生活🐌の記録

いるようでいない、いないようでいる

いのちづなをよる

二次創作の存在を知ったのは12歳のときで、ようやく意味がわかるようになったのは19歳のときだった。中学高校で出会った友人たちは版権ものの二次創作をし続けていたし、わたしも隣で見てはいたものの、自分でやることはなかった。単純にできなかったのだと思う。ときどき詩や短い小説、こういう日記のようなものは書いていたけれども。息苦しさばかりあった思春期の、なんとか日々を生き抜くためのことばとして、息抜きのような、それこそ風船に針をさしてまわるような、行為としての詩を書いていた。誰のためでもない、自分のためだけに。

少し元気になって、精神的にも余裕がで始めた頃、版権ものの二次創作をはじめたのだった。そこでやっと受けや攻めの、ようは左右の意味が理解できたのもある。理解が遅いのは昔からだ。

二次創作を始めて、楽しいことばかりだったか、といえばそんなこともないけれど、キャラクターに頼りながら言葉を紡いでいくことは、自分にとっては大切な行為のひとつだった。そこで出会った友人が短歌を作り始めたこともあり、そうか、短歌って自分でも作れるんだ、と思ったのだった。

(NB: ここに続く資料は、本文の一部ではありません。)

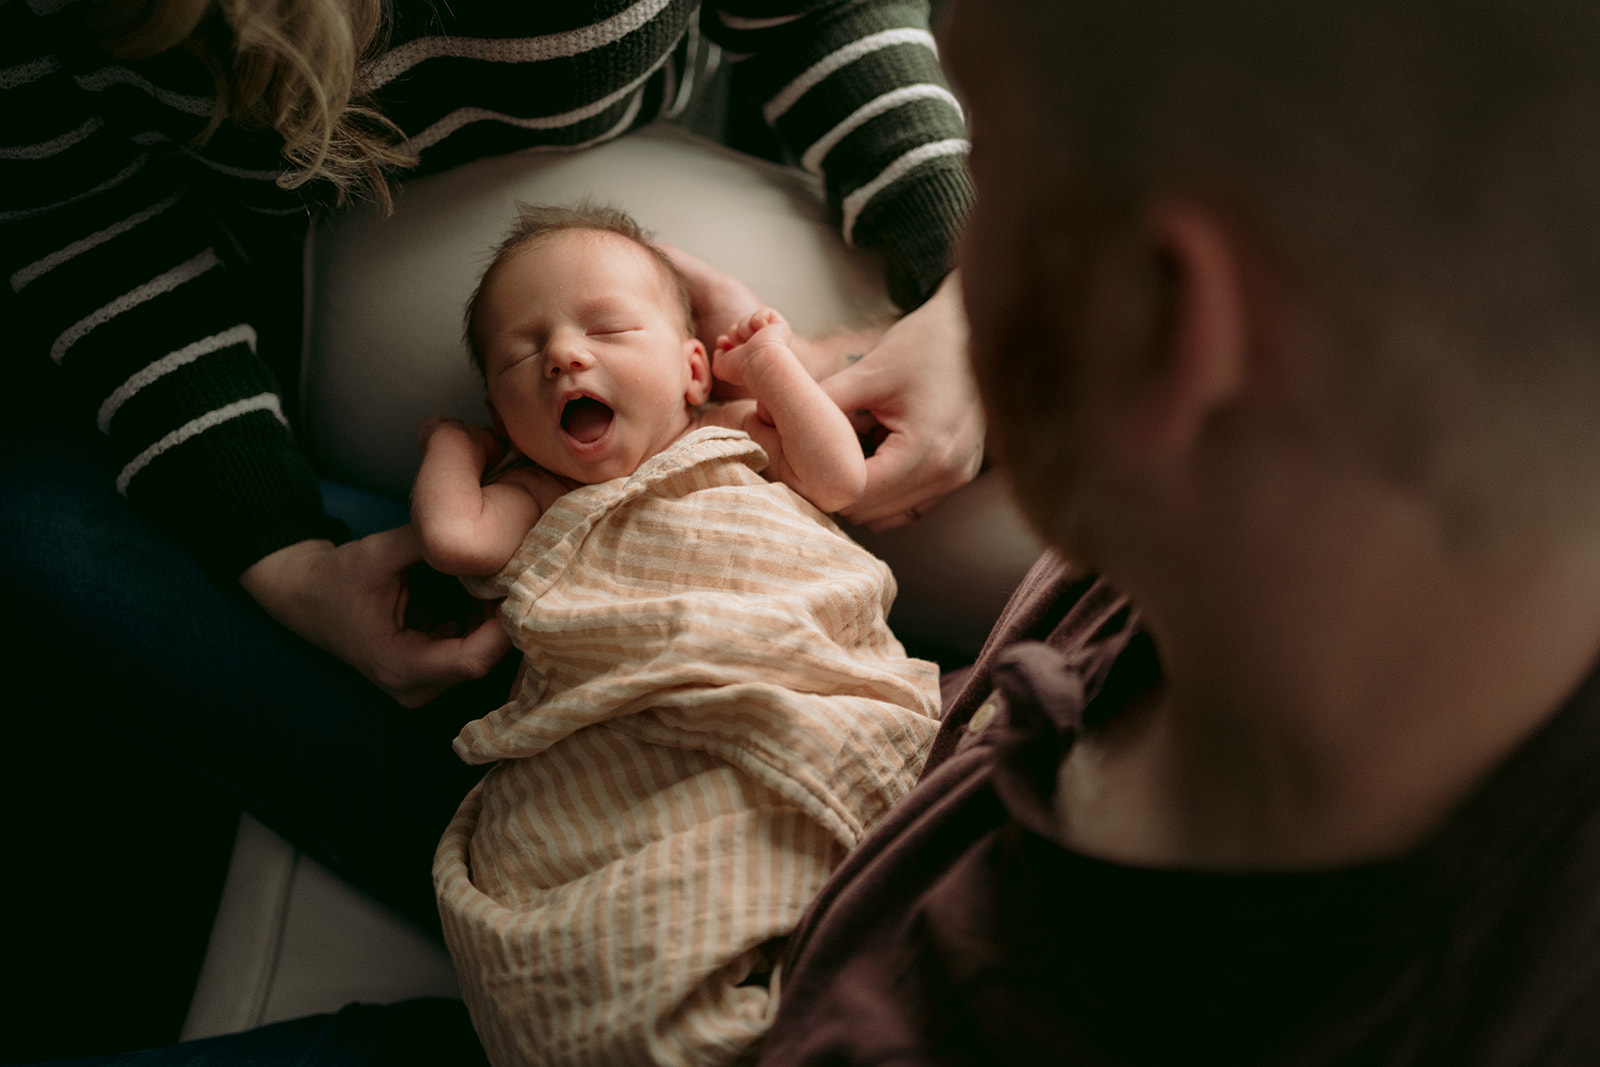 Newborn baby yawns in the window light being held by mother and father.

全ては緩くつながっており、いまもそれは変わっていない。

わたしは漫画が好きで、小説はほぼ読まない子どもだった。読むようになったのは大人になってからだ。ずっと挙動不審なただひとりのオタク女子で、男子にはずいぶんいじめられた。学校はどちらかといえばつらかったからいまは大人になれてよかったと繰り返し思ってしまう。

わたしはオタクだ。でもそれだけのことだと思っている。

だからこそ、腐女子はなんでもBLにする、みたいな、そういう揶揄が、とくに同じ女性から出てくるとき、意味のわからないダメージを負うのだった。いっそひどくバカにされる方がマシで、無意識のなにか、なにかにはなかなかどうして勝てないと思う。悪気はないことが大半だから。でもあなたの悪気のない足はしっかりわたしの足を踏んでいて、そのことにはちょっと気づいてくれないかなあと思ったりはする。

女性の解放について語られるとき。そこにわたしはいるだろうか、と思ってしまうとき。ああ結局、入れてほしい、と言ったところで入れてもらえないのかもしれない、とも思うとき。わたしはひとつ自分のなかの糸を手繰り寄せる。わたししかわたしを救えないのだから、と思ってしまう。救いを他人任せにしたことがそもそもの誤りだった、みたいにも。実際には他者に救われることもあるし、あったよな、とも思うけど、少なくとも自分を救う自分の糸は太いほうがいいから、えーんやこらと縒ってみている。雨は降り続けている。